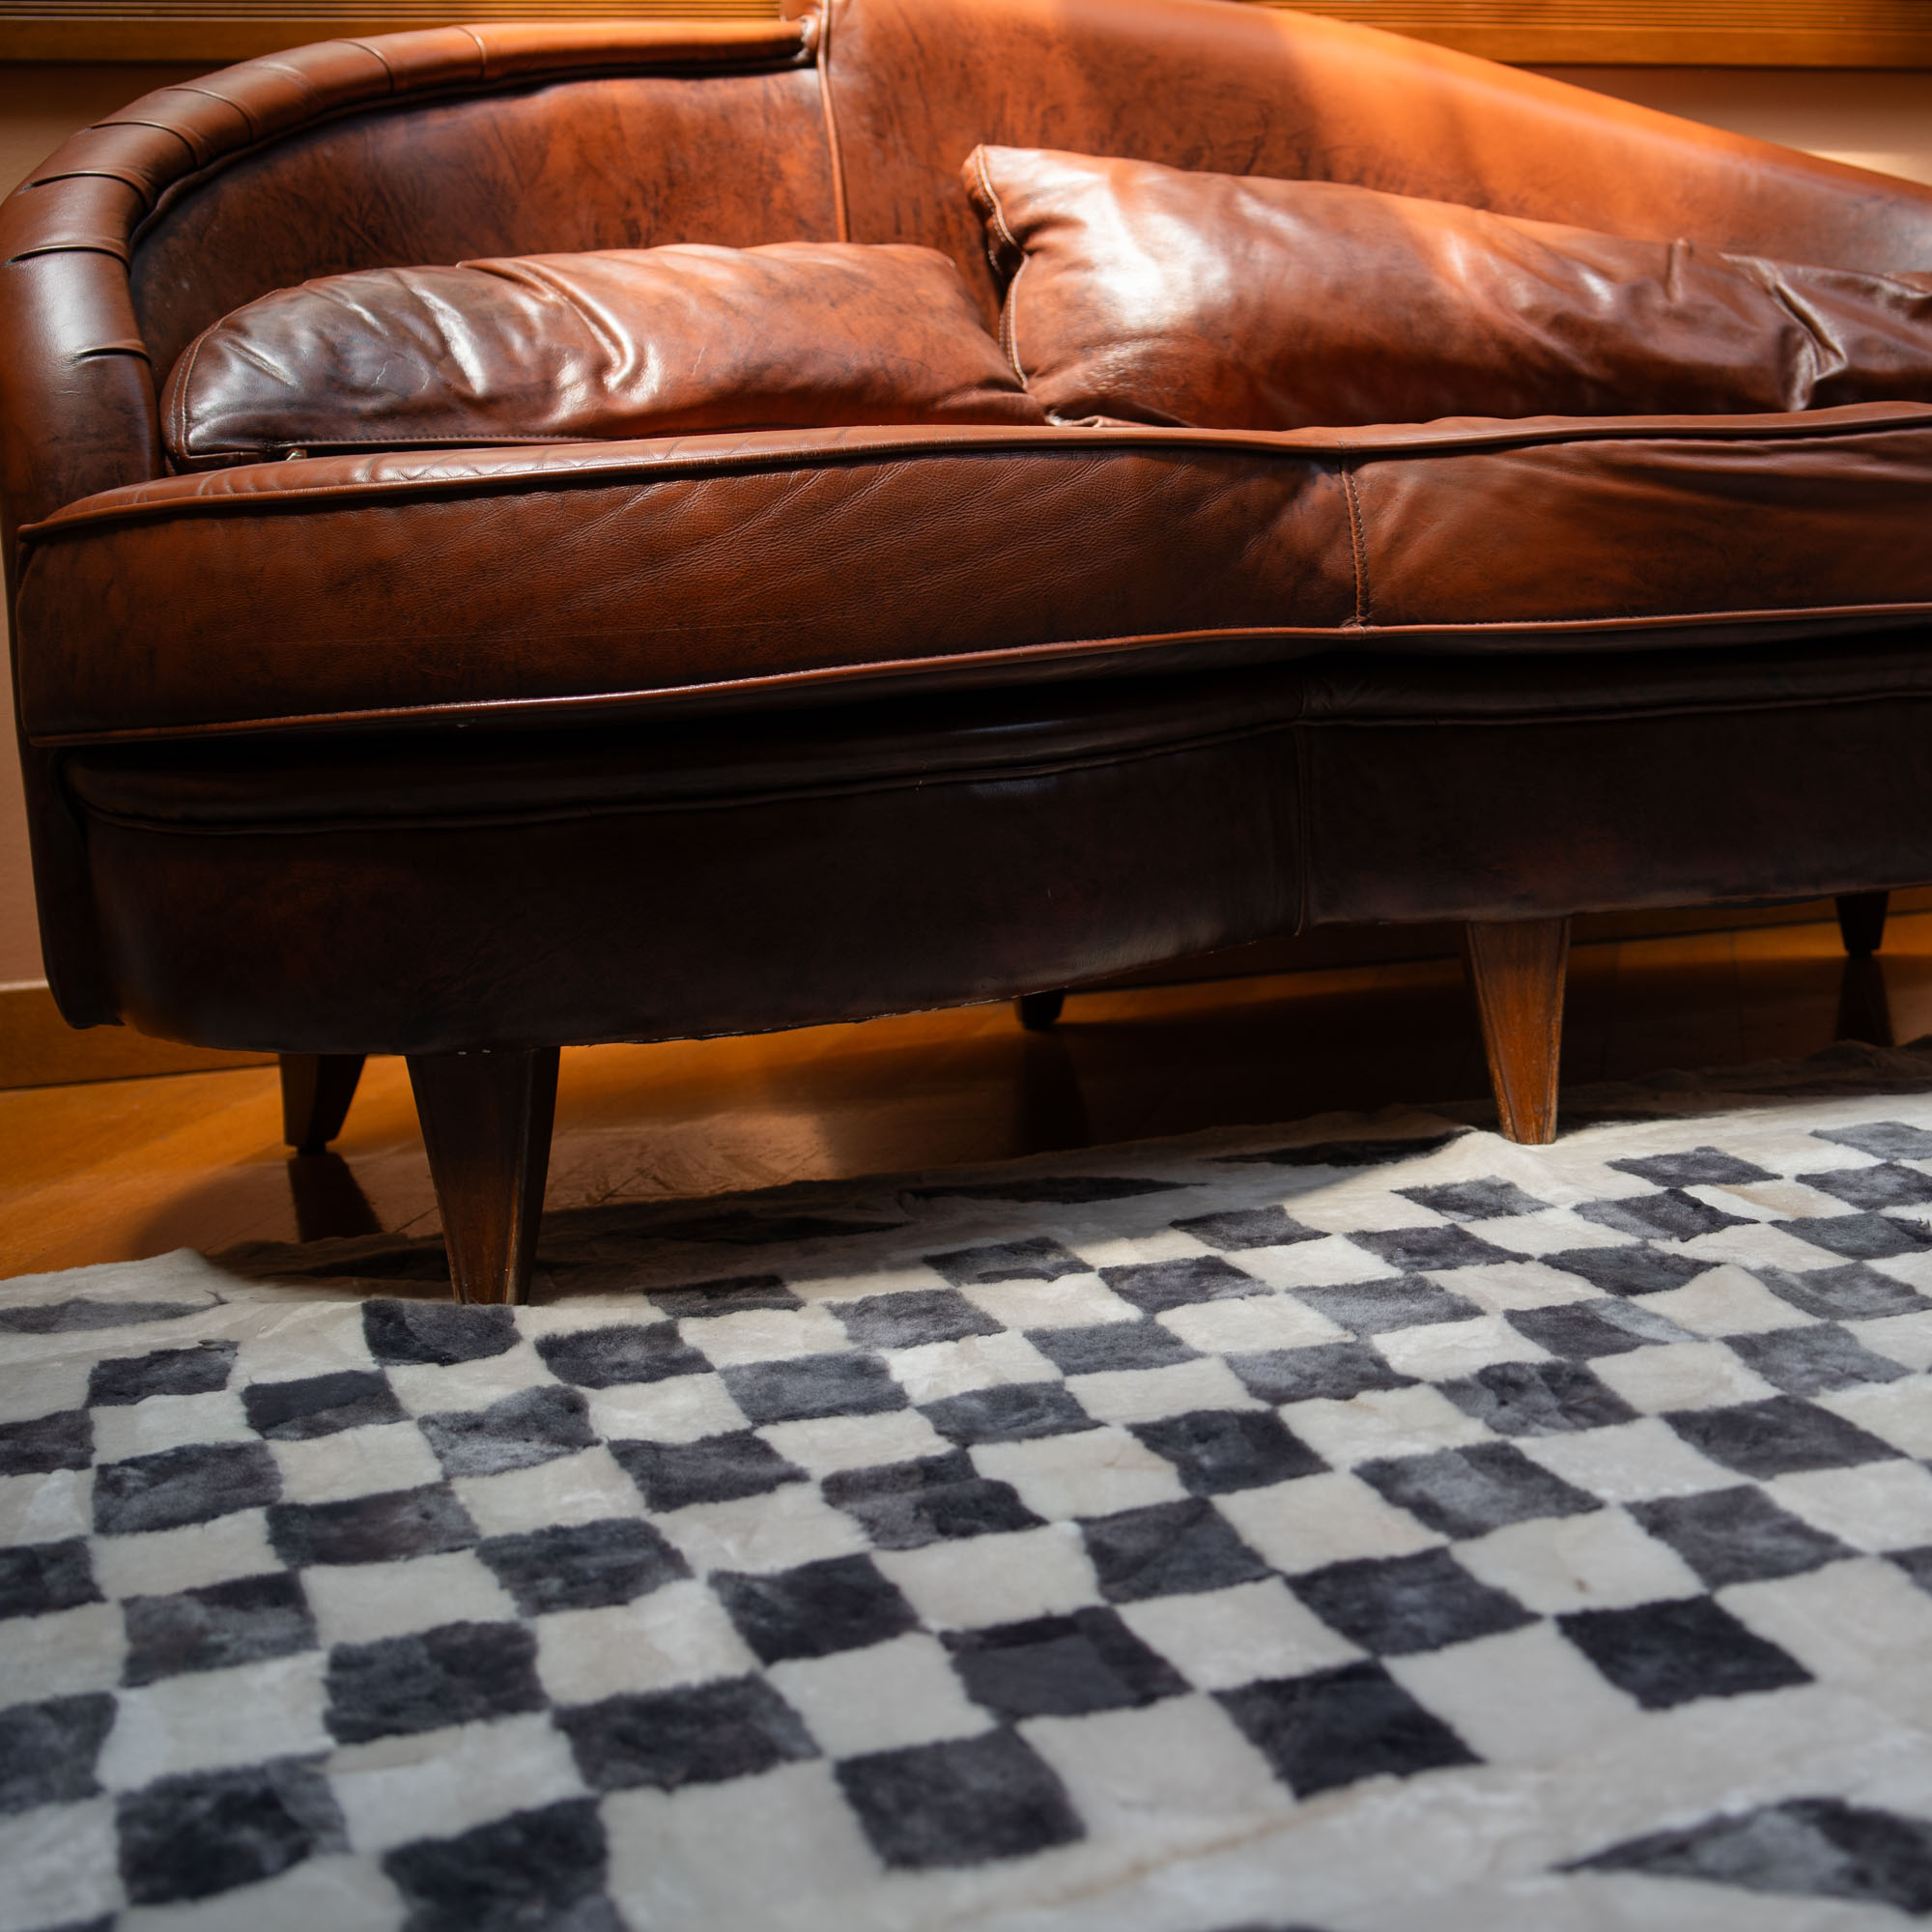 Sheep fur carpet in a gray chess pattern
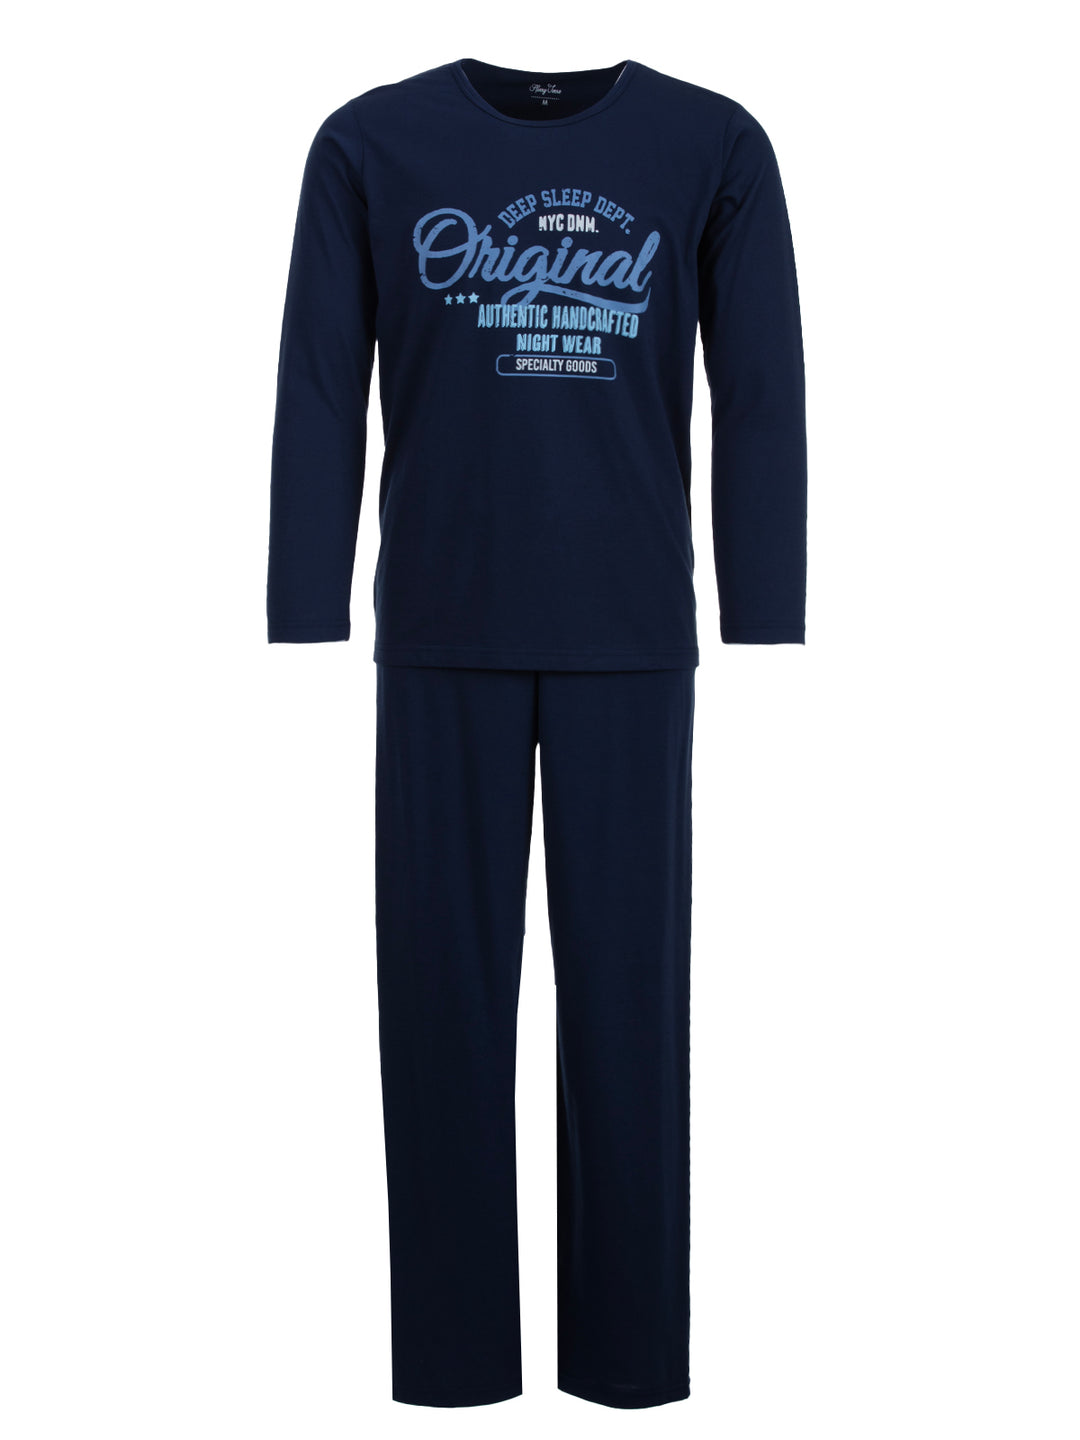 Pyjama Set Langarm - Original Authentic Nightwear
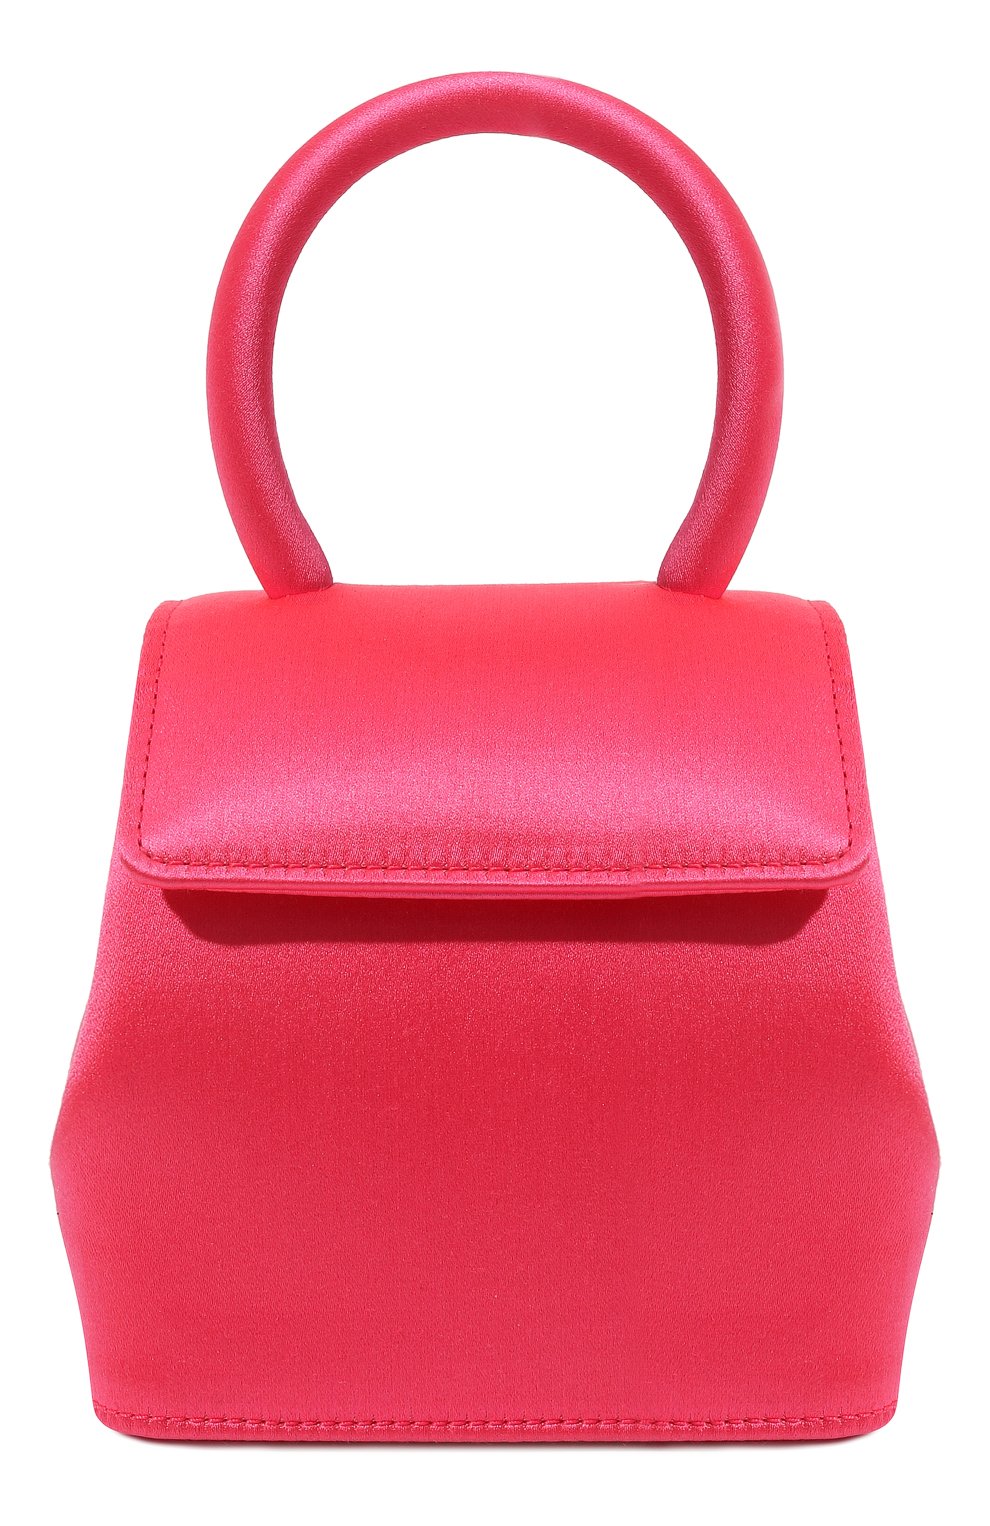 Фото Женская розовая сумка liza mini RUBEUS MILANO, арт. 014/18DML354 Италия 014/18DML354

* Aim of the task
Give the data above again, exactly, with every picture removed.

* Task answer
 Sheep fur carpet in a gray chess pattern
 Pyjama Set Langarm - Original Authentic Nightwear
 Фото Женская розовая сумка liza mini RUBEUS MILANO, арт. 014/18DML354 Италия 014/18DML354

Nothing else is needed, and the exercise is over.